**DESCRIPTION OF THE TASK**
The data below should be copied out exactly, with its pictures omitted.

**COLLECTED MATERIAL**
^^^^^^^^^^^^^^^^
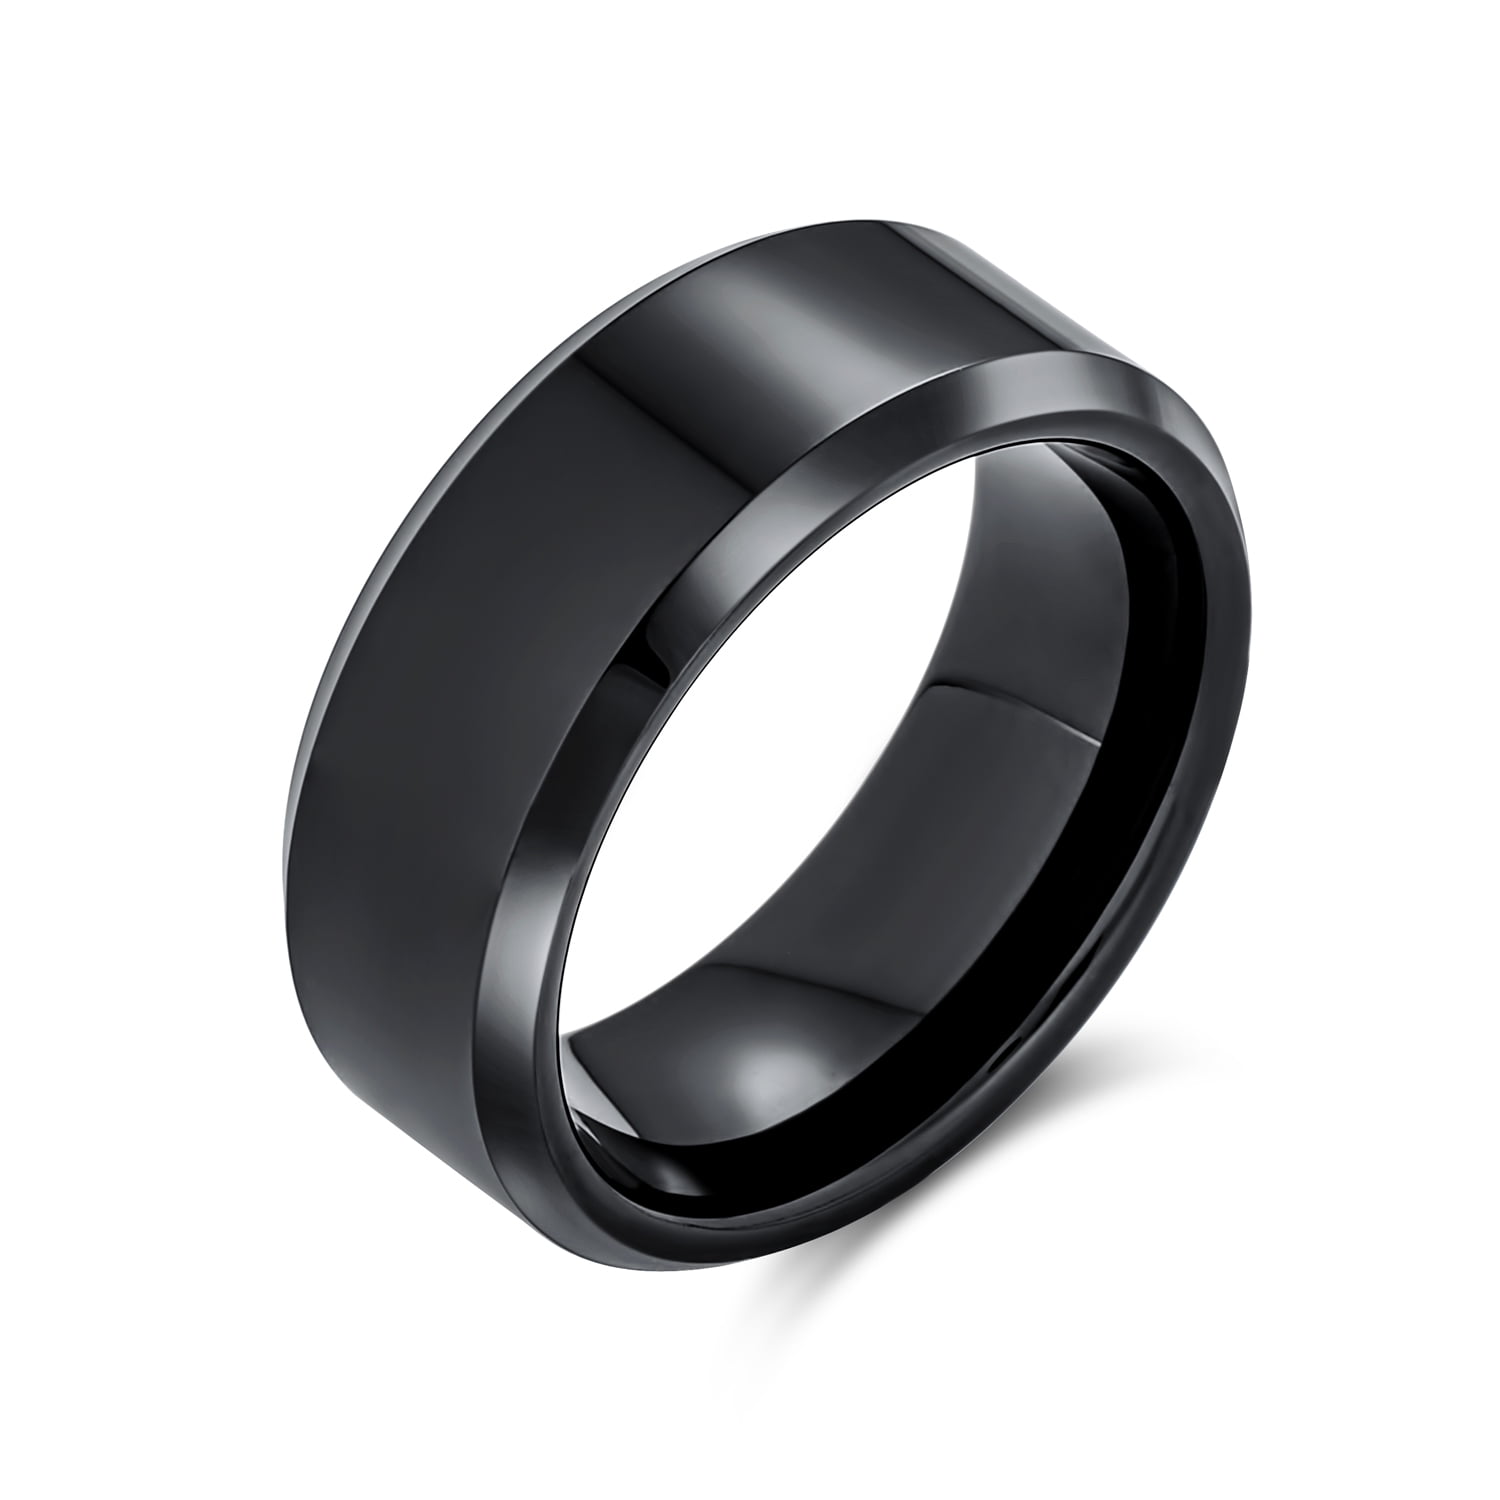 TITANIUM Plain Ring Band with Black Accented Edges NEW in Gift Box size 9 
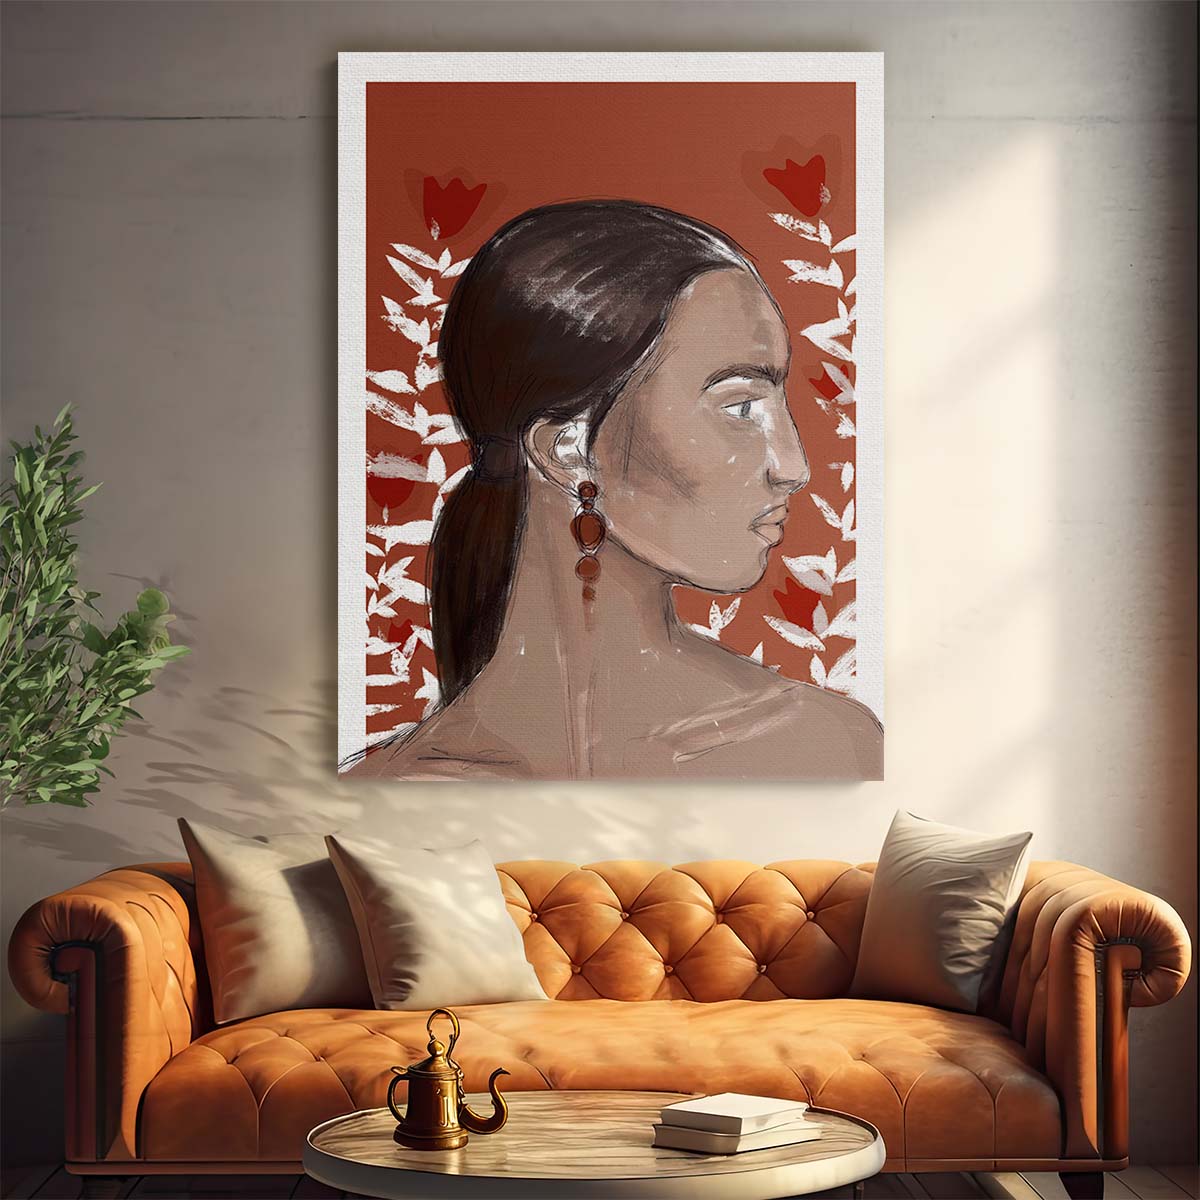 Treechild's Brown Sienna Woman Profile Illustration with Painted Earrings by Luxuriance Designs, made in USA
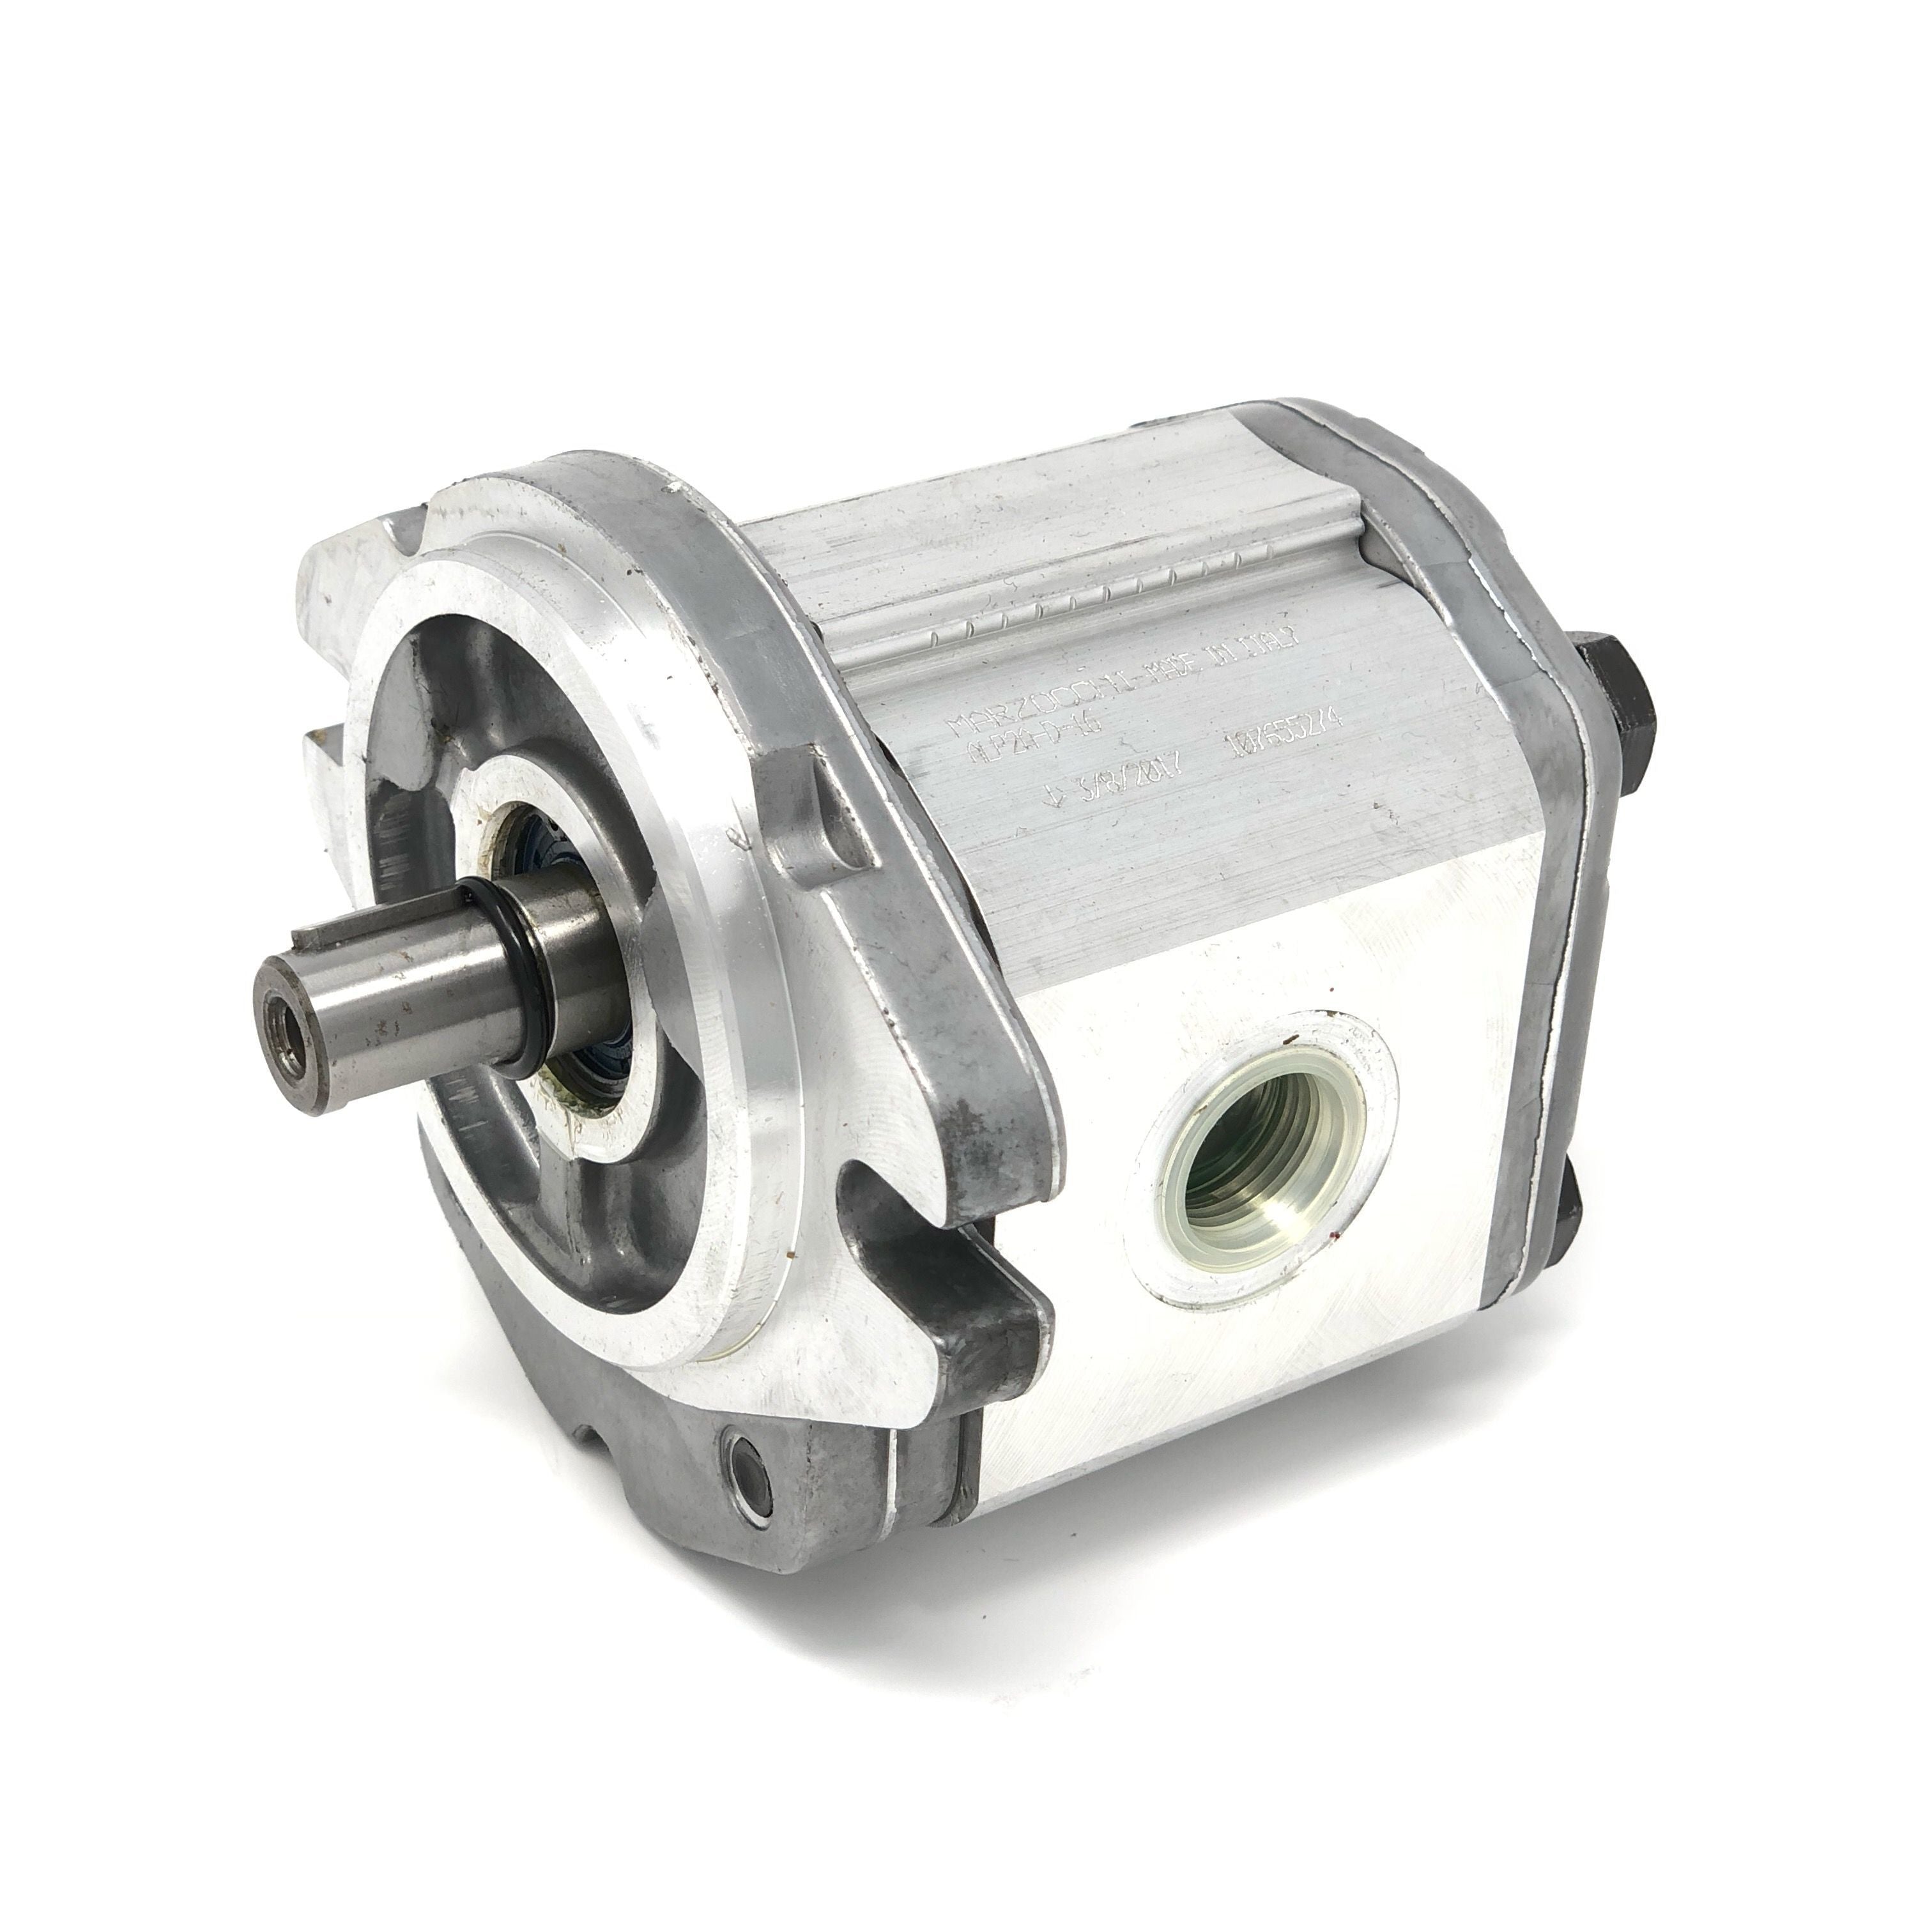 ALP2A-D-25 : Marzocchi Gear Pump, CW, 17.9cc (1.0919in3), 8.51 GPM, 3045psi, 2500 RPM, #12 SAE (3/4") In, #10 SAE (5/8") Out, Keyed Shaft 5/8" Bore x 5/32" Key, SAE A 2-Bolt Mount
^^^^^^^^^^^^^^^^
**OUTPUT FOR THIS TASK**
 TITANIUM Plain Ring Band with Black Accented Edges NEW in Gift Box size 9 
 Treechild's Brown Sienna Woman Profile Illustration with Painted Earrings by Luxuriance Designs, made in USA
 ALP2A-D-25 : Marzocchi Gear Pump, CW, 17.9cc (1.0919in3), 8.51 GPM, 3045psi, 2500 RPM, #12 SAE (3/4") In, #10 SAE (5/8") Out, Keyed Shaft 5/8" Bore x 5/32" Key, SAE A 2-Bolt Mount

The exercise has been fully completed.